Indefinite redemption is greatly injurious - William Rushton

The doctrine of indefinite redemption is greatly injurious to the comforts and joys of believers.


1. The notion that the death of Christ is conditionally sufficient for all mankind, that is if all mankind were to believe in it, leads the sinner at once to the performance of some duty which he imagines will give efficacy to the death of Christ and render it available to him. By this means he is lead to draw comfort from his duties instead of the finished salvation of Christ. This error is the fruitful cause of the disquieting fears and legal bondage of many professors. They are constantly in fear lest they have not performed the requisite condition and, after much toiling, their uneasy spirits are as far from rest as ever, and again they utter the old complaint, "What lack I yet?" They have no notion that the alone work of Christ made manifest to the heart by the Holy Spirit, is sufficient to give joy unspeakable without the performance of some duty on their part, and therefore they are in constant perplexity lest this important duty should not have been performed. "I find," said Mr. Owen Stockton, "that though in my judgment and profession, I acknowledge Christ to be my righteousness and peace, yet I have secretly gone about to establish my own righteousness and have derived my comfort and peace from my own actings. For when I have been disquieted by the actings of sin, not God speaking peace through the blood of Christ, but the intermission of temptation and the cessation of those sins have restored me to my former peace. When I have been troubled at the evil frame of my heart, not the righteousness of Christ, but my feeling of a better temper hath been my consolation. I have prayed against, and resolved against sin, striven with sin, and avoided occasions of sin; all which a natural man may do. But how to fetch power from the death of Christ, how to believe in God for the subdueing of sin, and how to do it by the Spirit, have been mysteries to me."


In this state of bondage are many precious souls detained because they cannot see the absolute perfection of the work of Christ. They allow that Christ has done a great deal for sinners, but something they imagine must be done on our part to render his blood available; and that something not being able to satisfy divine justice and being too weak to purge their guilty conscience, they are disquieted. But when the soul is driven from every other refuge to trust in Christ alone then it finds rest. It no more asks, "What lack I yet?" knowing that the law is magnified, justice satisfied, and God the Father well pleased in his beloved Son: "for we who do believe have entered into rest." [Heb. iv. 3.] "Comfort ye, comfort ye my people, saith your God. Speak ye comfortably to Jerusalem, and cry unto her, that her warfare is accomplished, that her iniquity is pardoned." [Isaiah xl. 1, 2.]

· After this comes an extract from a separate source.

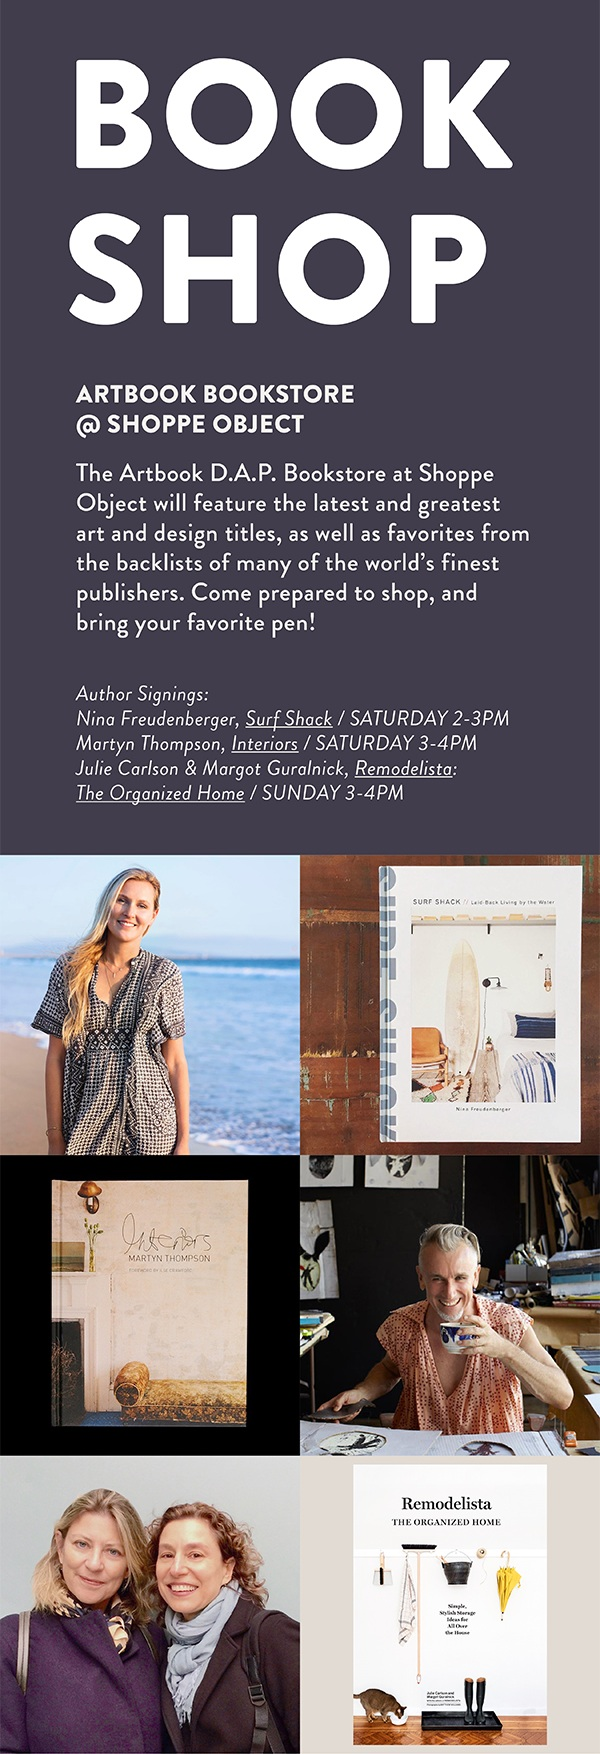 gazette_SO_10_Book+Shop_.jpg
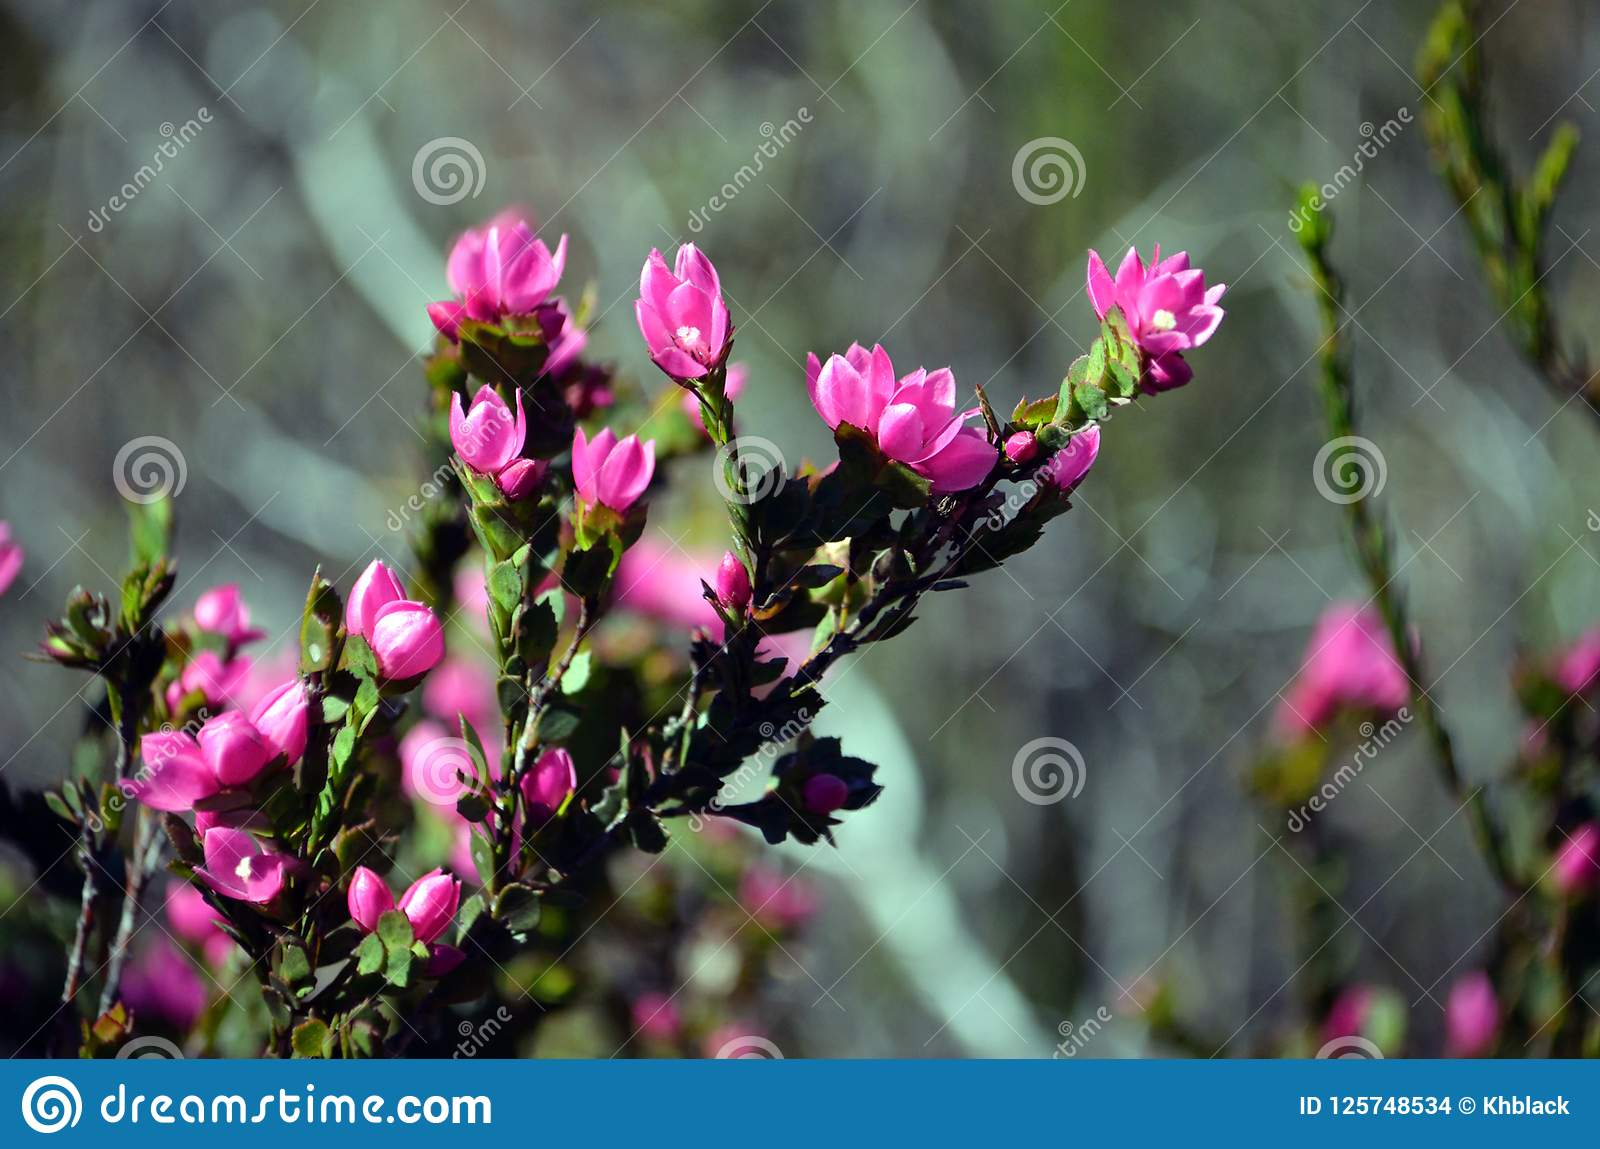 Deep pink flowers of the australian native rose stock photo image download deep pink flowers of the australian native rose stock photo image of flower mightylinksfo

2. The knowledge which believers have that Christ died in their stead, and gave himself particularly for them, is full of the sweetest consolation to their ransomed spirits. Who can describe the inward peace which fortified the mind of the Psalmist, when he uttered those memorable words, "My lips shall greatly rejoice when I sing unto thee; and my soul which thou hast redeemed?" Ps. lxxi. 23. Or can we express the comfort which is poured into the heart of an afflicted saint, when the Holy Spirit brings powerfully to his mind such a precious promise as this? "But now, thus saith the Lord that created thee, O Jacob, and he that formed thee, O Israel; Fear not, for I have redeemed thee thou art mine. [Isaiah xliii. 1.] No small part of the consolation comprehended in such promises arises from distinguishing love and special redemption. But if Christ died for sin abstractedly, he died no more for one man than another, and the comfort derived from particular redemption is vain.
 

3. A spiritual conviction of union to Jesus, in his death, resurrection, and exaltation, is essential to a believer’s joy. The comfort of a saint is, that he is dead judicially with Christ. He rejoices in this, that Jesus is alive from the dead to die no more, having made an end of sin, and as the sins of his people are no more found upon him death hath no dominion over him, but he lives evermore unto God. Now, the Spirit assures a believer’s heart that Christ and he are one. A saint, through the Spirit, reckons himself to be "dead indeed, unto sin, but alive unto God through Jesus Christ our Lord." He is crucified with Christ, dead with Christ, risen with Christ, and exalted to sit in heavenly places in Christ, and all this is the spring of his joy. "Your spirits," says the holy Mr. Walter Cradock, "will never be heightened and raised to live the life of Paul by beholding any thing that is in you personally in your possession, but what you are by relation and marriage to Christ. Reckon yourselves dead with Christ; and so conceive, I am a just man; I was bound once to the law of God, a terrible law; and there are thousands in hell paying the debt, and cannot pay it; and yet I have payed every farthing, and the law cannot ask me more. I have offered a perfect righteousness to God; and I am now sitting at God’s right hand in heaven, by my union with Jesus Christ." (W. Cradock’s works, page 25.) Another of the precious sons of Zion thus expresses his faith in a living Redeemer, and exercises the confidence of his ransomed spirit. Referring to the cross of Christ, he says, "My full receipt may there be view’d, Graven with iron pens and blood, In Jesus’ hands and side; I’m safe, O death, O law, and sin, Ye cannot bring me guilty in, For Christ was crucified." CENNICK
 

In this manner do believers joy in God, through our Lord Jesus Christ, by whom they have received the atonement. But all this proceeds on the supposition of union to Jesus, when he died and when he rose again; but no such union existed between Christ and any of Adam’s race if the indefinite scheme be true.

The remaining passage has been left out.